Note: there is also a limit of one million files per user.

Project storage directories (/proj/PROJECTDIR)

By default, each project that has been allocated computing time on Triolith, Kappa or Matter will have a directory under /proj (e.g /proj/snic2014-1-123, /proj/somename) where the project members can store their data associated with that project. The name of the directory is decided by the project Principal Investigator ("PI").

If you cannot find the project directory for a new project, it might be because the project PI has not yet chosen a directory name.

If you can find the project directory for a project that you are a member of but cannot access it, try logging out and back in again. If that does not help, contact NSC Support.

You can see project directories available to you (many users are members of several projects) using the snicquota command. It will also show how much space you are using, and how much is available. You can also see how much space other users in the project are using (snicquota -a. Run snicquota --help to see all available options).

Note: despite the lack of the word "nobackup" in the directory name /proj, we do not make tape backups of /proj data! Read the "Is my data safe?" section for more information.

Limits / quota

Project directories are limited both in how much data (GiB) they can store, and how many files can be stored. The data quota limit is the most important one. The file quota limit is mostly a way to discover when projects begin to store excessive number of files (which can be a performance problem).

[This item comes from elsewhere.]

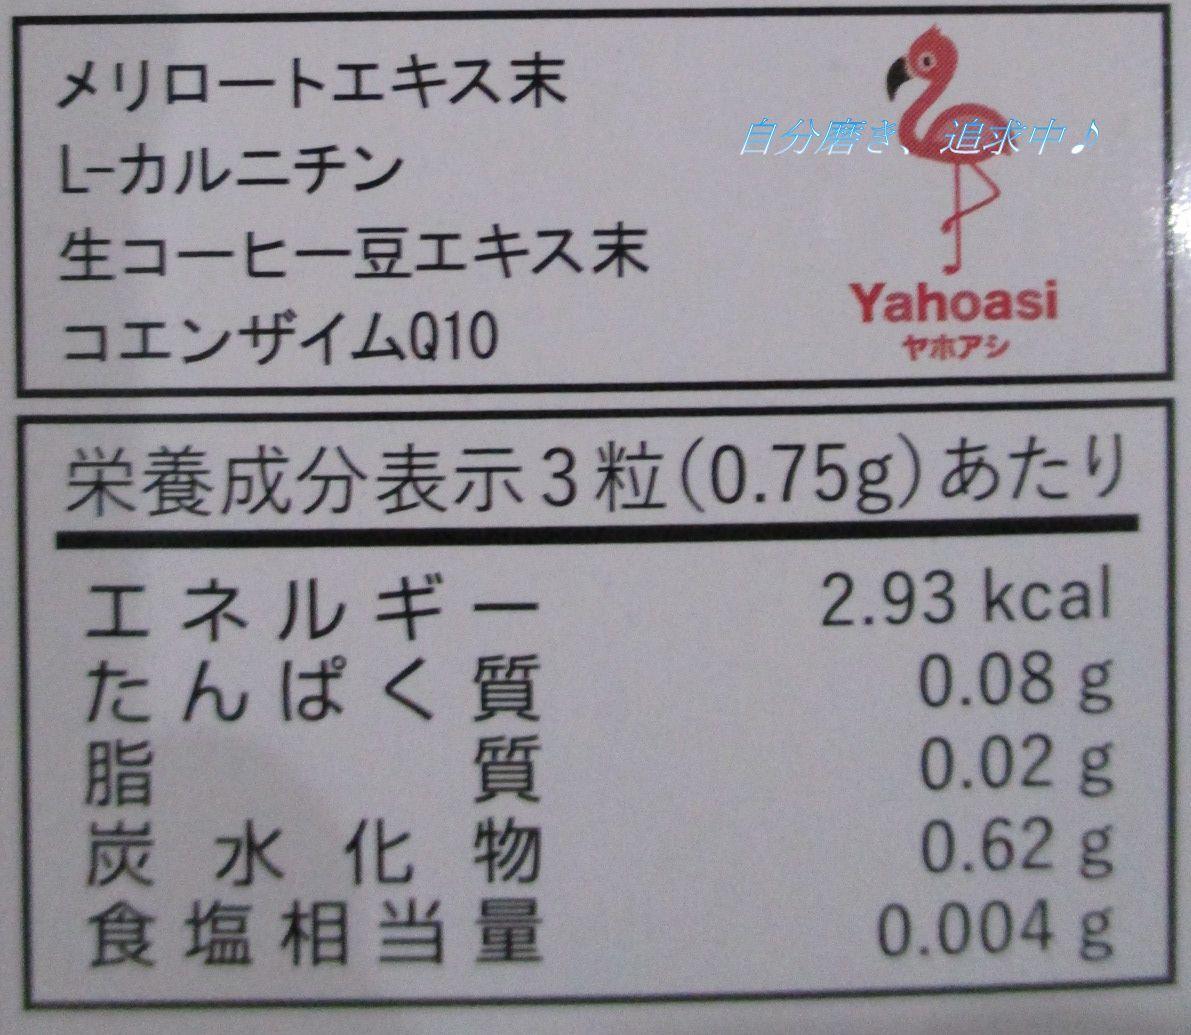 yahoasi2.jpg

Please note that both limits can be raised, and that getting more storage is typically very easy, all that is needed in most cases is an email to NSC explaining how much you need, and why.

The "Quota" displayed by snicquota is the actual volume of data / number of files that the project is allowed to store. This is the limit you should use when planning your storage use.

You may exceed the Quota limit for up to 30 days ("Grace" time as shown by snicquota). If your usage exceeds the Quota limit for more than 30 days, all writes to your project directory (for all users) will be stopped until usage drops below the Quota limit. There is also an upper hard "Limit" (as displayed by snicquota) that you may never exceed. The hard Limit is currently (2014-11-24) set to 150% of your Quota, but will probably be lowered once all data has been moved to /proj.

Due to the significant impact it will have on your running jobs (i.e they will almost certainly fail), you should make sure that you never exceed the hard limit or the 30-day limit. Try to stay below the Quota at all times. It is better to ask for a higher storage allocation than to risk hitting your limit and having jobs fail.

Projects without their own storage

It's possible for several projects to merge their allocated storage into a single project directory. If you see fewer available directories than the number of projects you are a member of, that might be why.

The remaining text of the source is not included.